EDIT: realized my mistake. thanks.
Upvotes: 3
Views: 17260
Reputation: 1338
You should assign variables to the outputs of .lower()
and then apply .split()
to that variable. The output of that (saved as a variable) is what you want to return (or print in your current code).
Upvotes: 0
Reputation: 76
This doesn't answer your primary question, but the reason that your lower() calls are not working is because you are calling inputsentence.lower()
without assigning the returned value to a variable, so all it does is return the string in lowercase, but nothing is pointing to it. The original string remains the same. The same thing happens when you do inputsentence.split()
, the list is created and returned, but it goes nowhere. Ultimately when you return inputsentence
you are returning the exact same value you gave it, making lower() and split() do nothing.

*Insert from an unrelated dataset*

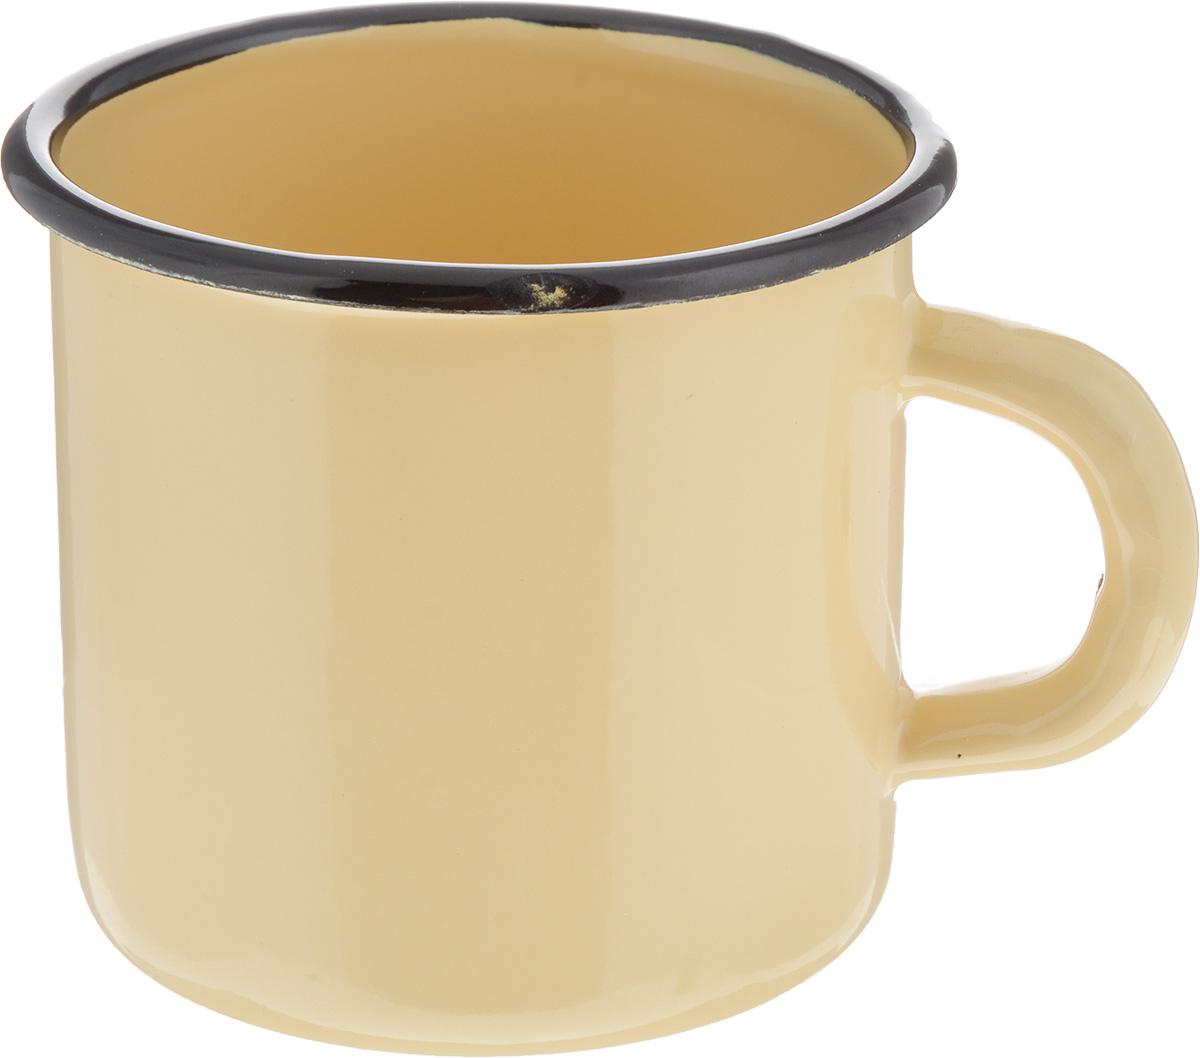 Кружка эмалированная СтальЭмаль, цвет: желтый, 400 мл2с2_желтыйКружка СтальЭмаль изготовлена из высококачественной стали с эмалированным покрытием. Она оснащена удобной ручкой. Такая кружка не требует особого ухода и ее легко мыть. Благодаря классическому дизайну и удобству в использовании кружка займет достойное место на вашей кухне.

If you want to replace the value of the variable inputsentence
each time you use a string method you should do
inputsentence = inputsentence.lower().split()
Upvotes: 0
Reputation: 2619
To start, you only need one translate
function. The goal of this function should be to take some sentence and some dictionary, and output a sentence in the other language. To do that, I'd do something like this:
def translate(trans,inputsentence):
inputsentence.lower()
words = inputsentence.split(' ')
new_sentence = [trans[w] for w in words]
print(' '.join(new_sentence))
Next, for you input functions, you need to be calling raw_input()
not input()
. This will clean up the syntax errors.
def userinput():
inputsentence = raw_input("What sentence would you like to translate?(Hint! ... > ")

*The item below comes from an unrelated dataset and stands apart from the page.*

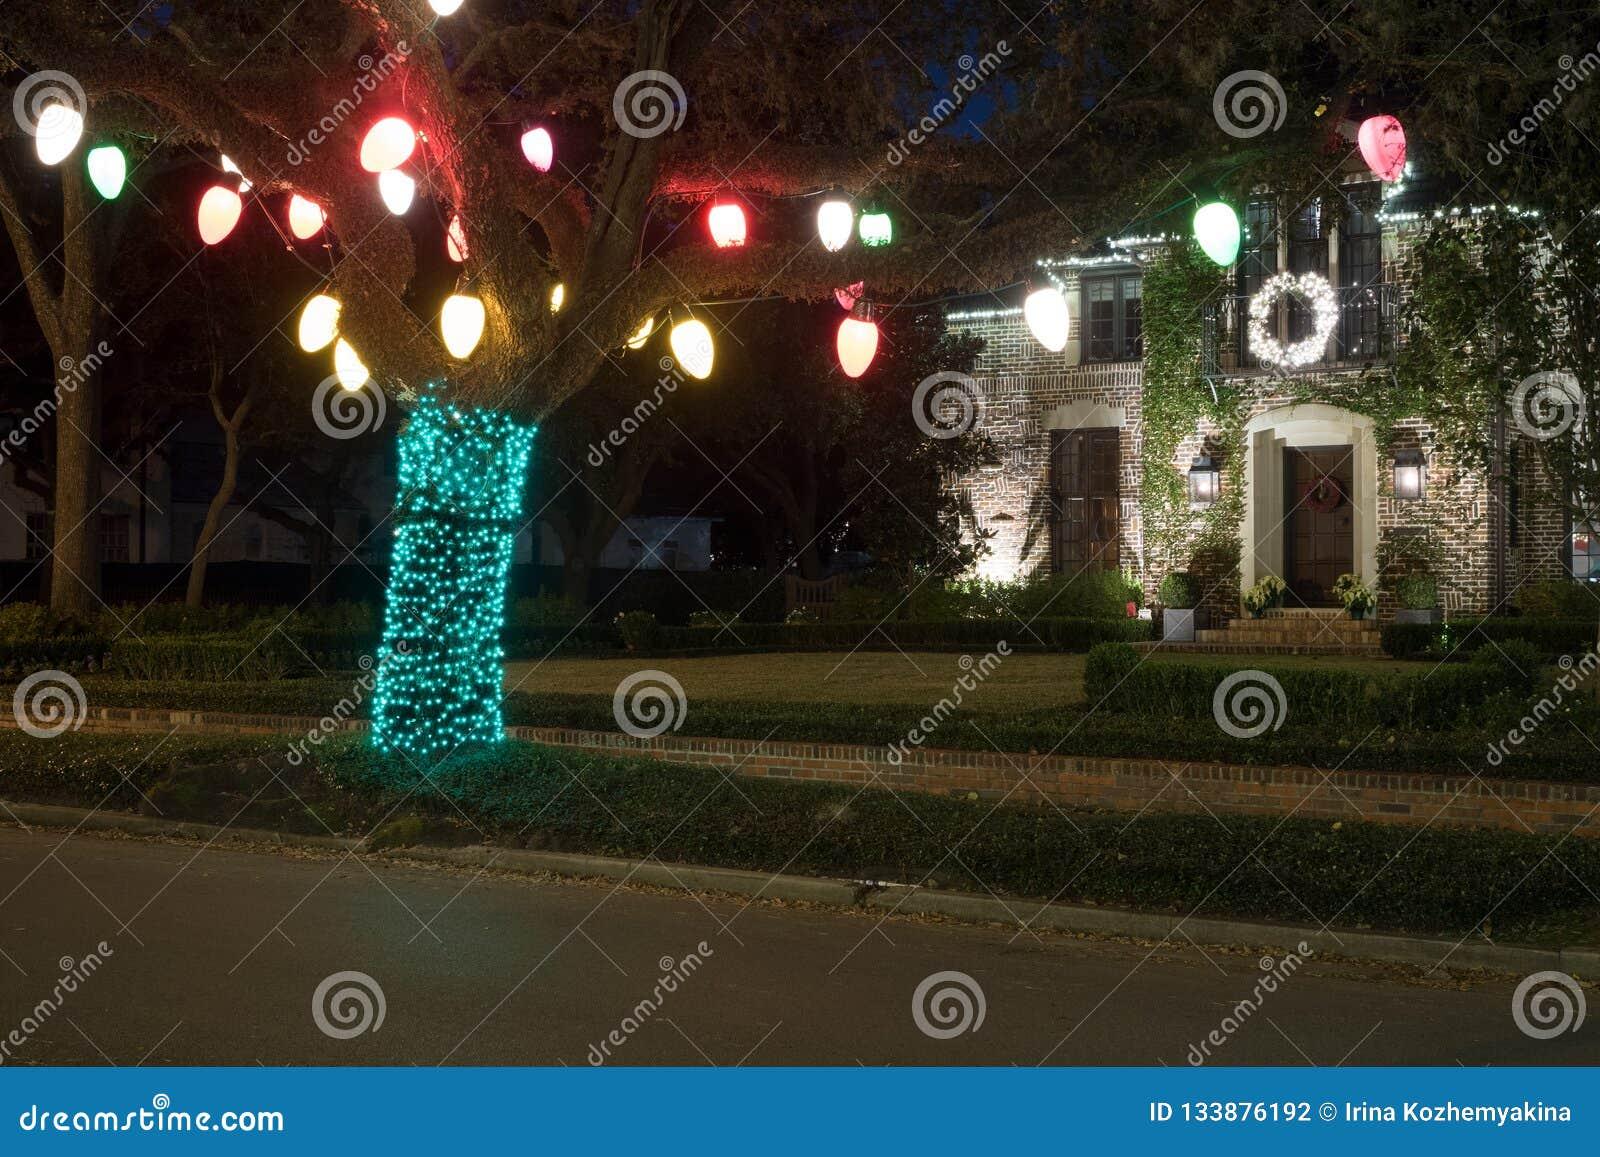 Ντεκόρ Χριστουγέννων στο δέντρο Χειμώνας, νύχτα, Χιούστον, Τέξας, ΗΠΑ

spanoreng = raw_input("Is this sentence Spanish or English? > ")
return(inputsentence,spanoreng)
And that should pretty much do it, if you rename function calls inside main()
appropriately.
Upvotes: 0
Reputation: 881555
I don't see any list -- I only see strings, which are immutable, and no use of the dictionary.
So the core function could be:
def translate(sentence, transdict):
words = sentence.split()
trans = [transdict.get(w.lower(),w) for w in words]
print(' '.join(trans))
split
makes the sentence into a list of whitespace-separated words; then the list comprehension makes it into a list of translated words (leaving words alone if they're not in the dictionary); finally we join the latter list back into a space-separated sentence.
Of course this leaves a lot to be desired, but it's hard to do better without regular expressions -- and if you've been using dictionaries for just a day regular expressions may be well beyond your studies so far. In case they're not:
import re
def maketrans(somedict):
def trans(mo):
word = mo.group()
return somedict.get(word.lower(), word)
return trans
and then
translated = re.sub(r'\w+', maketrans(right_dict), sentence)
print (translated)
will preserve punctuation and spacing. But what between RE's and higher order functions, I suspect you'd better ignore this one until later in your Python studies:-).